-- Listed records --
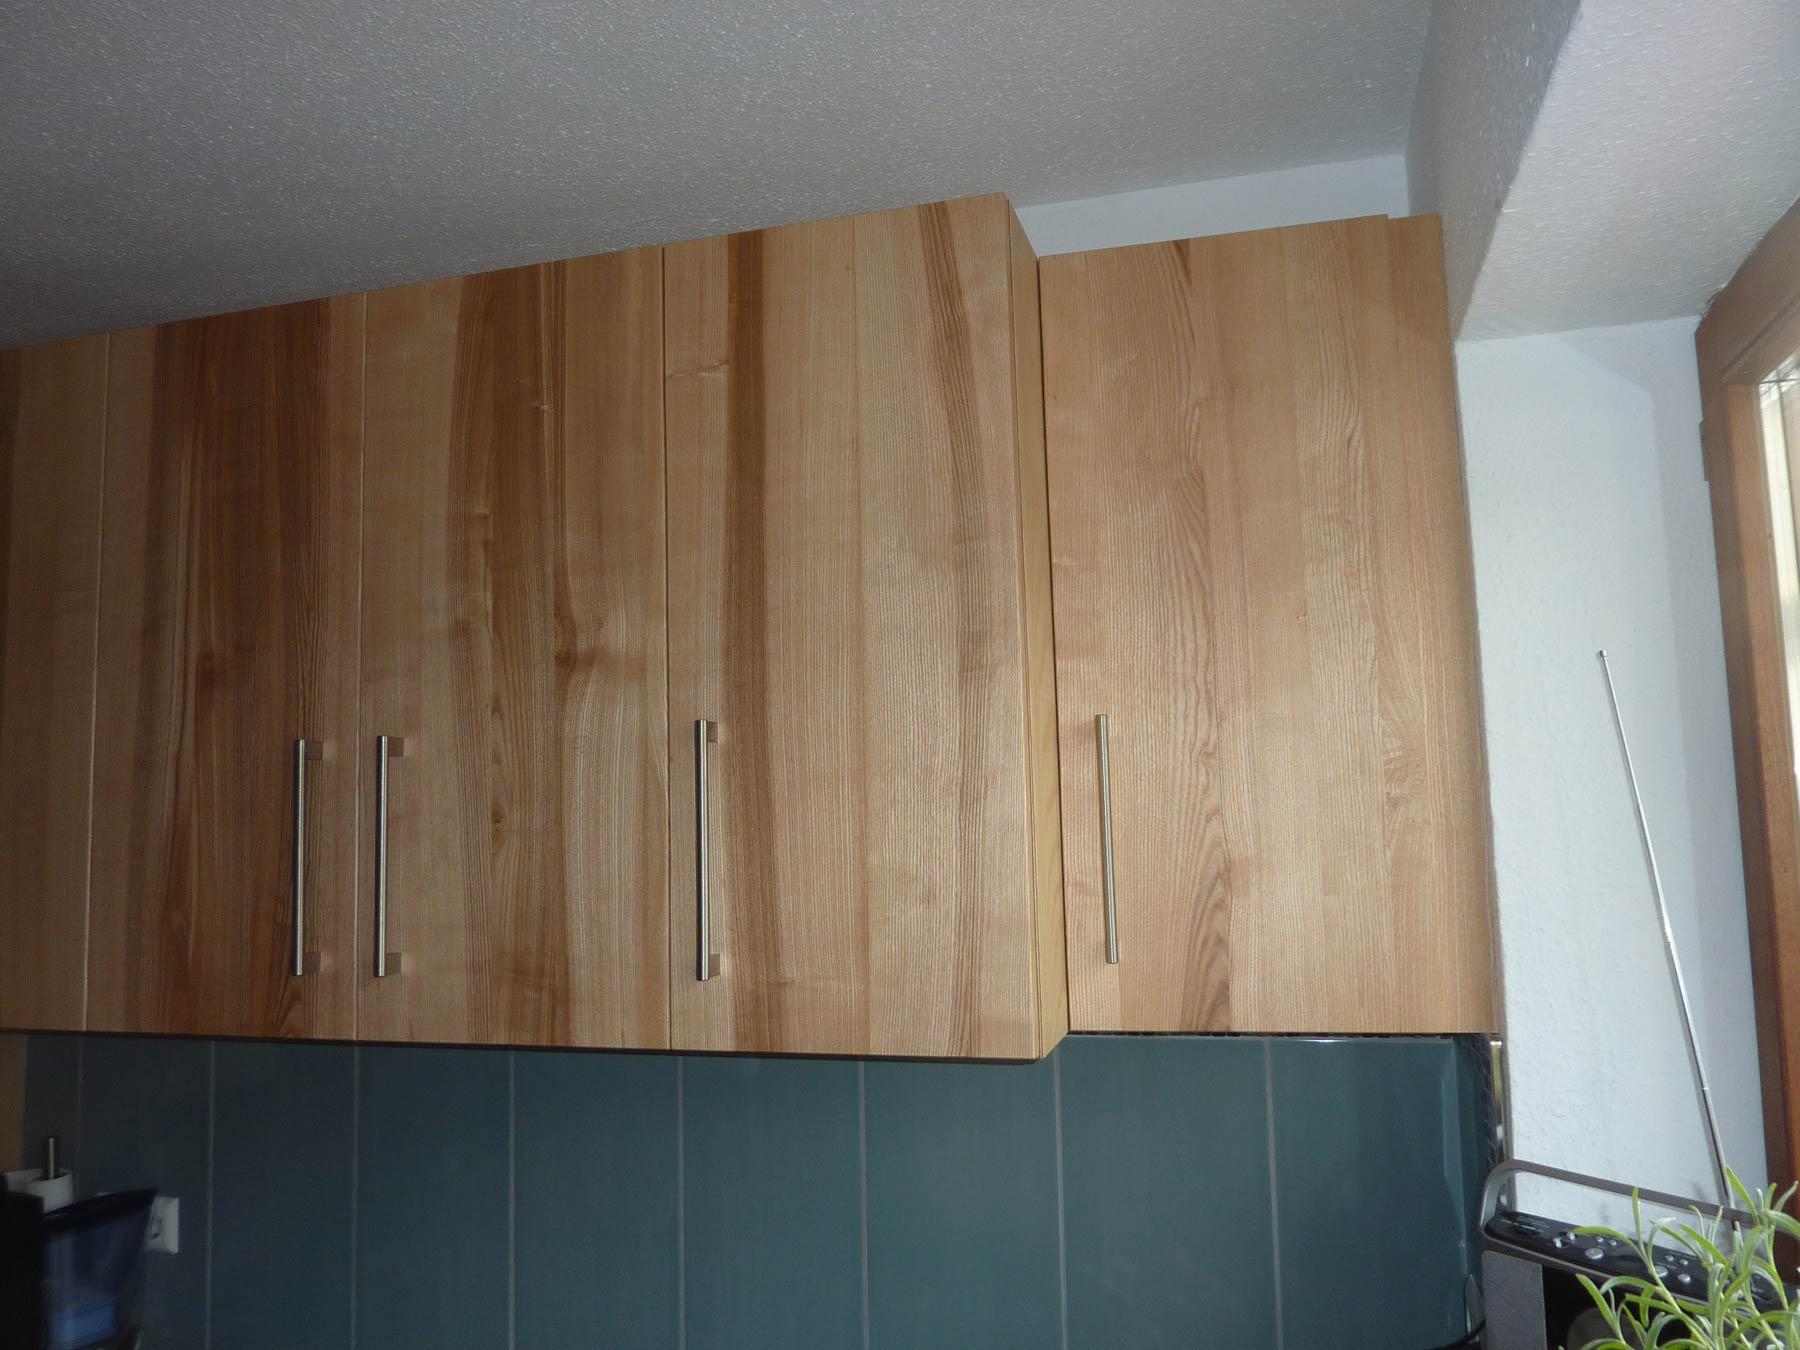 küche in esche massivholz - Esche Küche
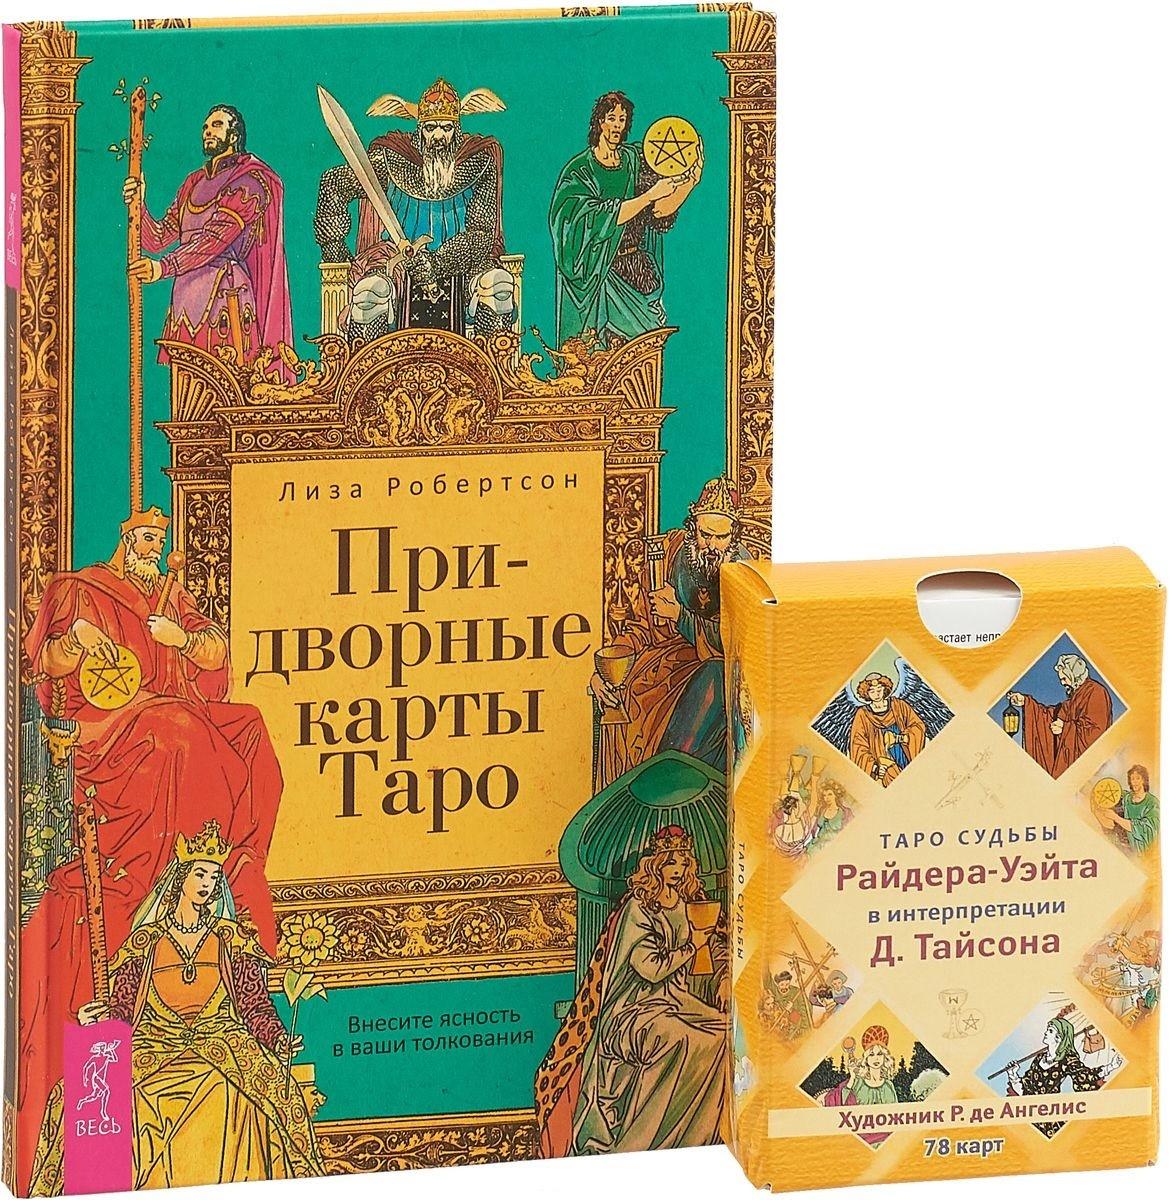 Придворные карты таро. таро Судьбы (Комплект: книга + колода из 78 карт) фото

...

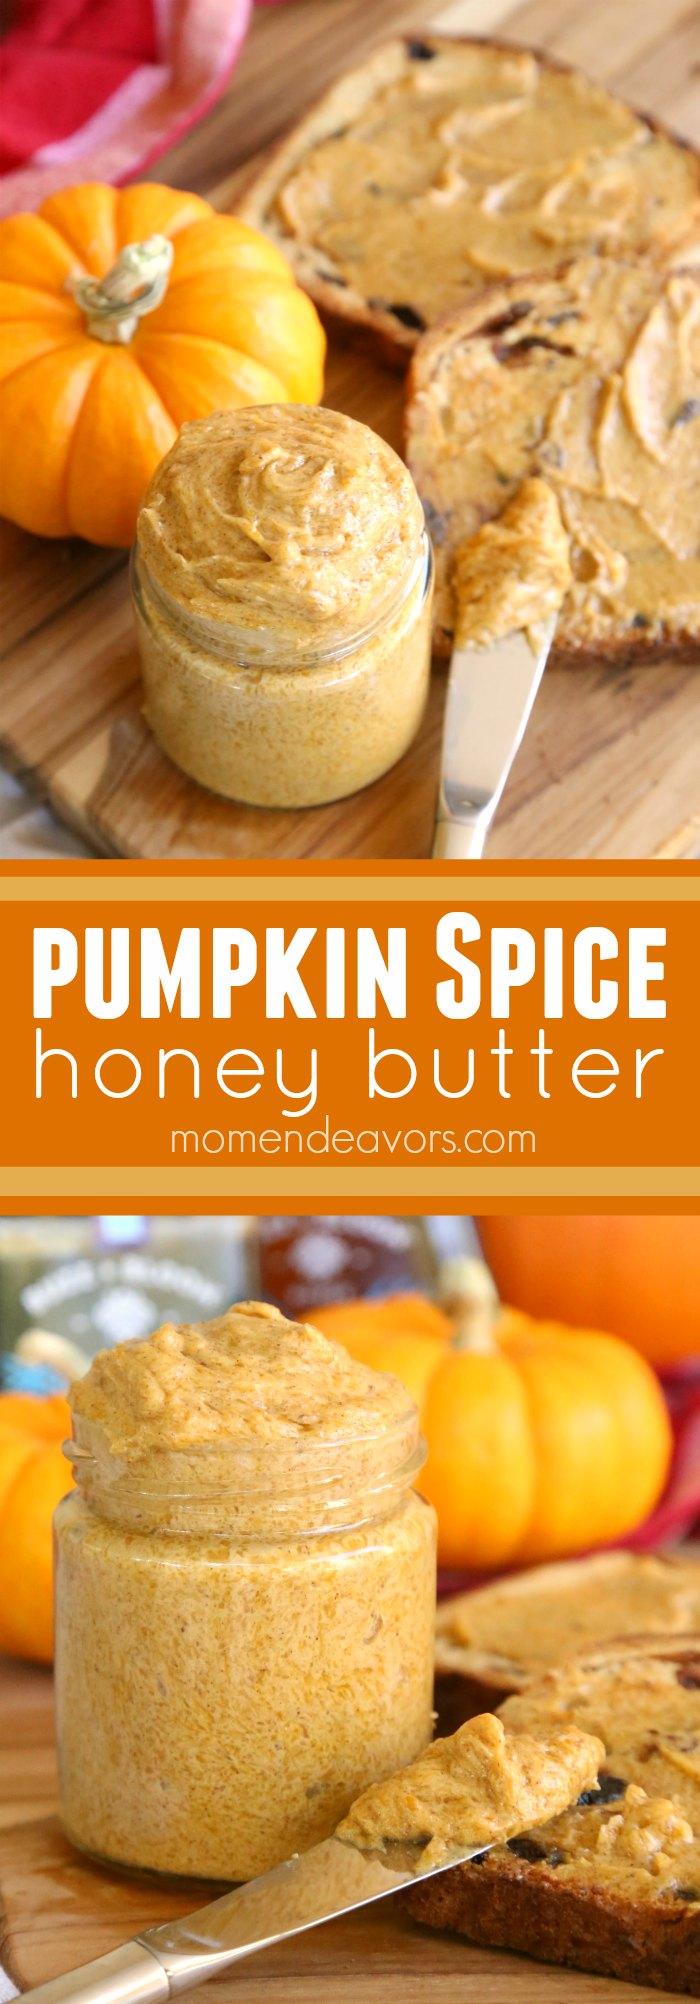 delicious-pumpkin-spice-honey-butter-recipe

-- Directions for this task --
Your answer should be the exact lines above from the one containing "küche in esche massivholz - Esche Küche" through the one containing "Придворные карты таро.", with both end lines kept and the pictures removed, please.

-- Result of the task --
 küche in esche massivholz - Esche Küche
 Придворные карты таро. таро Судьбы (Комплект: книга + колода из 78 карт) фото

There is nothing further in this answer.